──────── DATA EXTRACT ────────

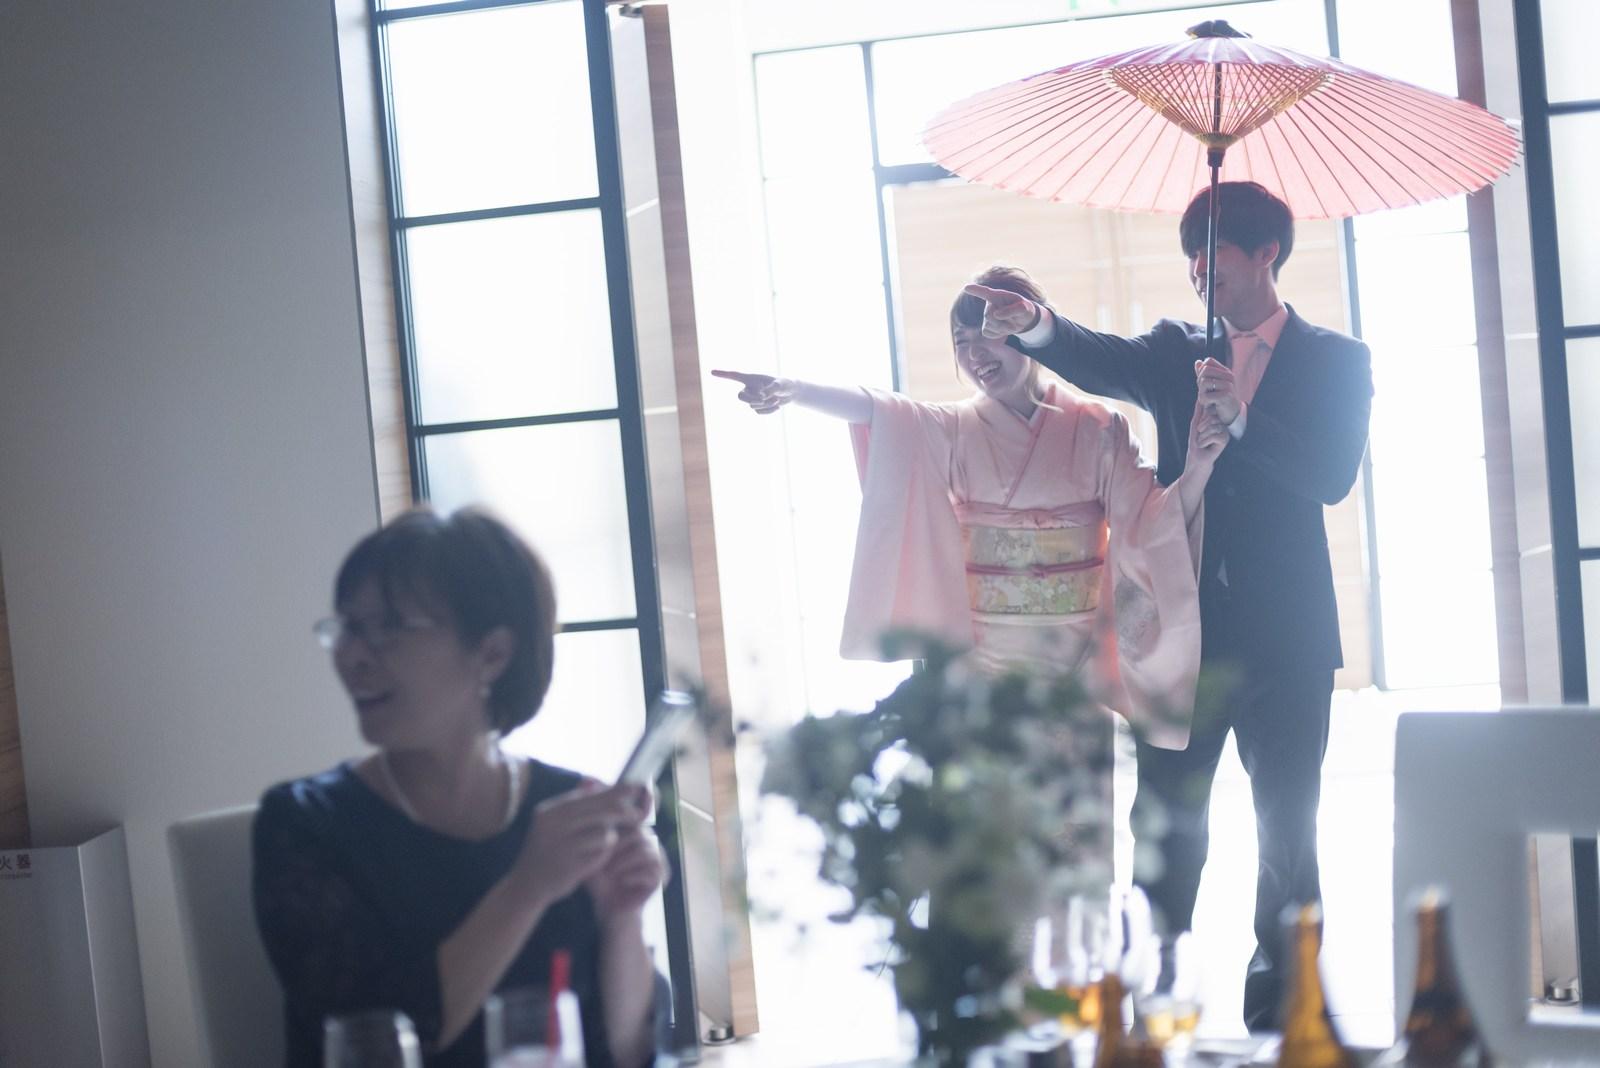 香川の結婚式場シェルエメール&アイスタイル お色直し入場
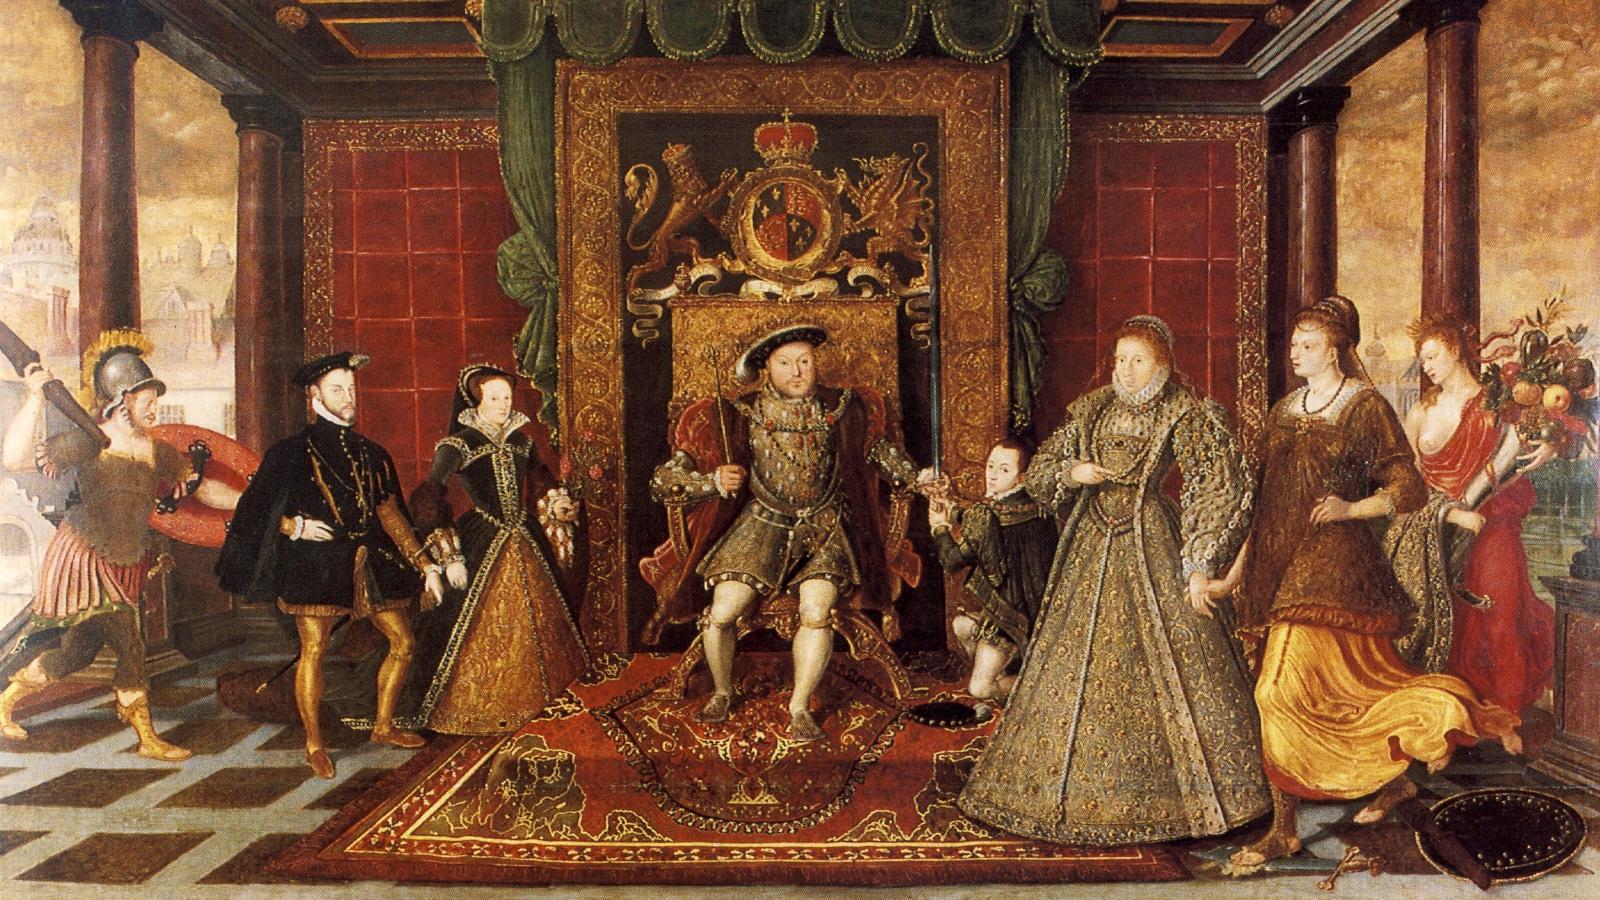 VIII. Henrik angol király vezető miniszteréről, Thomas Cromwellről (1485-1540) mindenki tudta, hogy az udvarban ő az, aki leginkább imád bulizni. Partijai legendásak voltak, tonnaszámra szórta a pénzt, hogy a vedégeit szórakoztassa – egyszer 4 ezer korabeli fontot fizetett egy szabónak egy rendkívül bonyolult, maszkos kosztümért, csak hogy lenyűgözze vele a királyt. (Wikipedia)
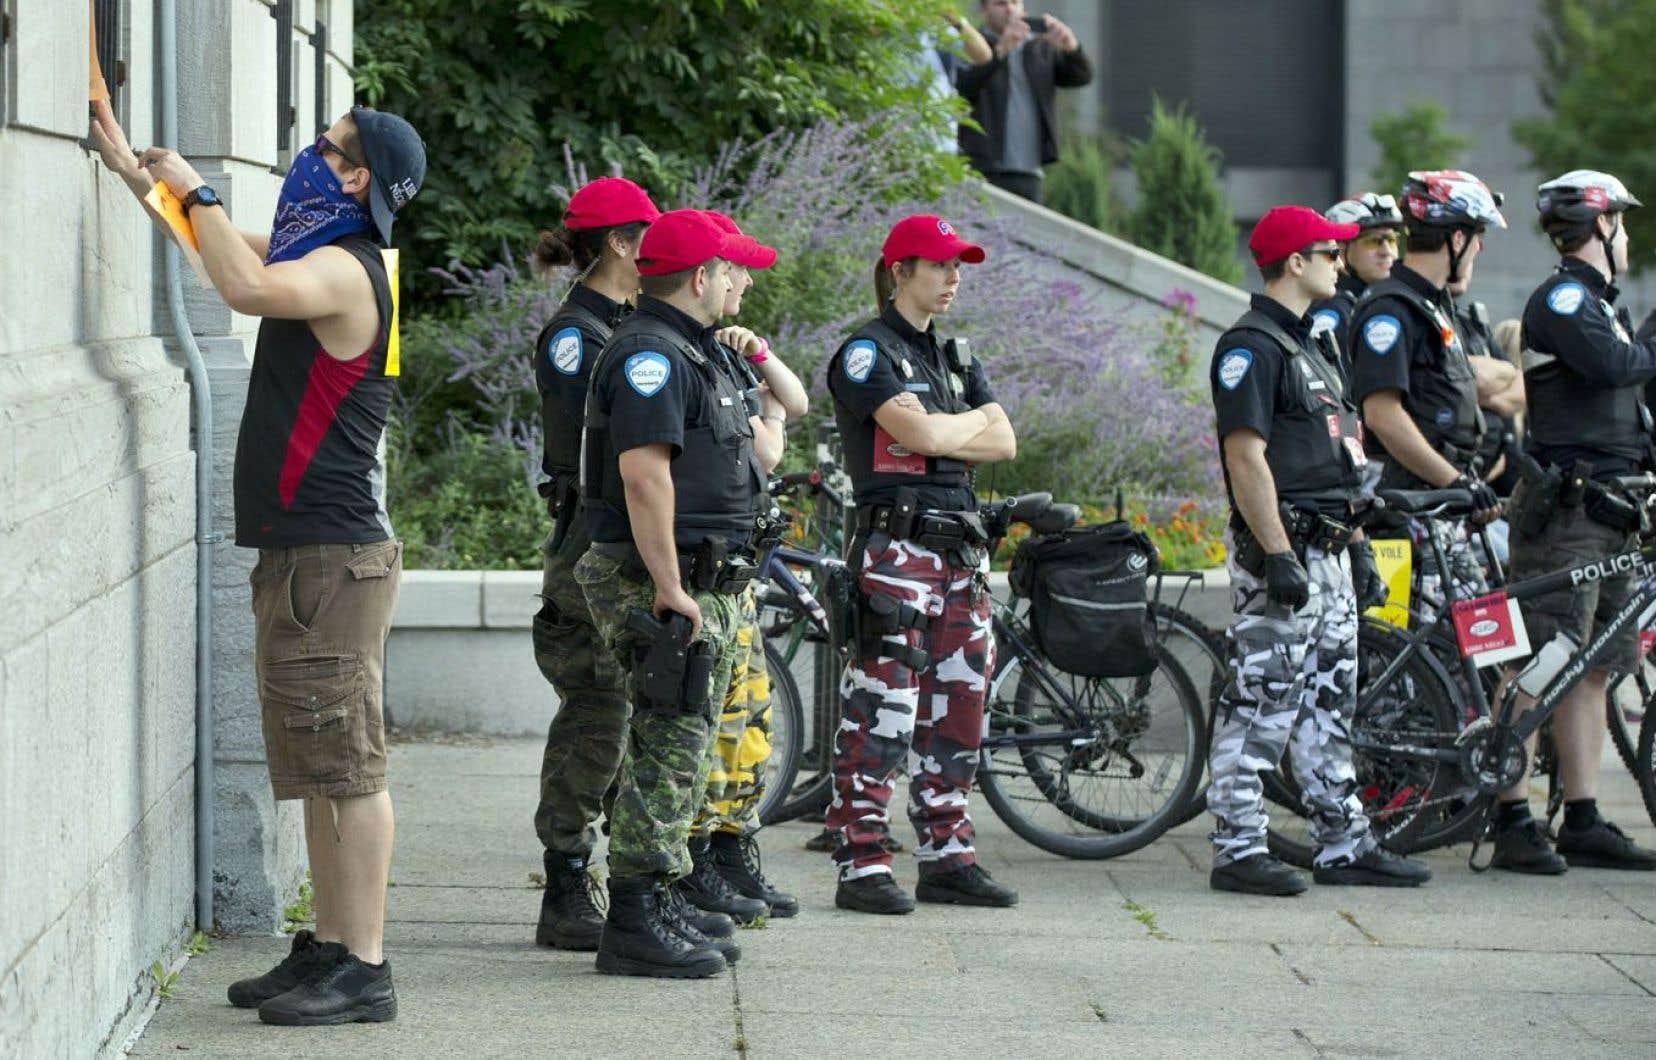 Certains policiers ont laissé les manifestants s'exprimer sans contrainte, la semaine dernière.

────────

WORK ITEM ::
A word-for-word restatement of all the lines above is needed, with the pictures omitted.

ANSWER BOX ::
 香川の結婚式場シェルエメール&アイスタイル お色直し入場
 VIII. Henrik angol király vezető miniszteréről, Thomas Cromwellről (1485-1540) mindenki tudta, hogy az udvarban ő az, aki leginkább imád bulizni. Partijai legendásak voltak, tonnaszámra szórta a pénzt, hogy a vedégeit szórakoztassa – egyszer 4 ezer korabeli fontot fizetett egy szabónak egy rendkívül bonyolult, maszkos kosztümért, csak hogy lenyűgözze vele a királyt. (Wikipedia)
 Certains policiers ont laissé les manifestants s'exprimer sans contrainte, la semaine dernière.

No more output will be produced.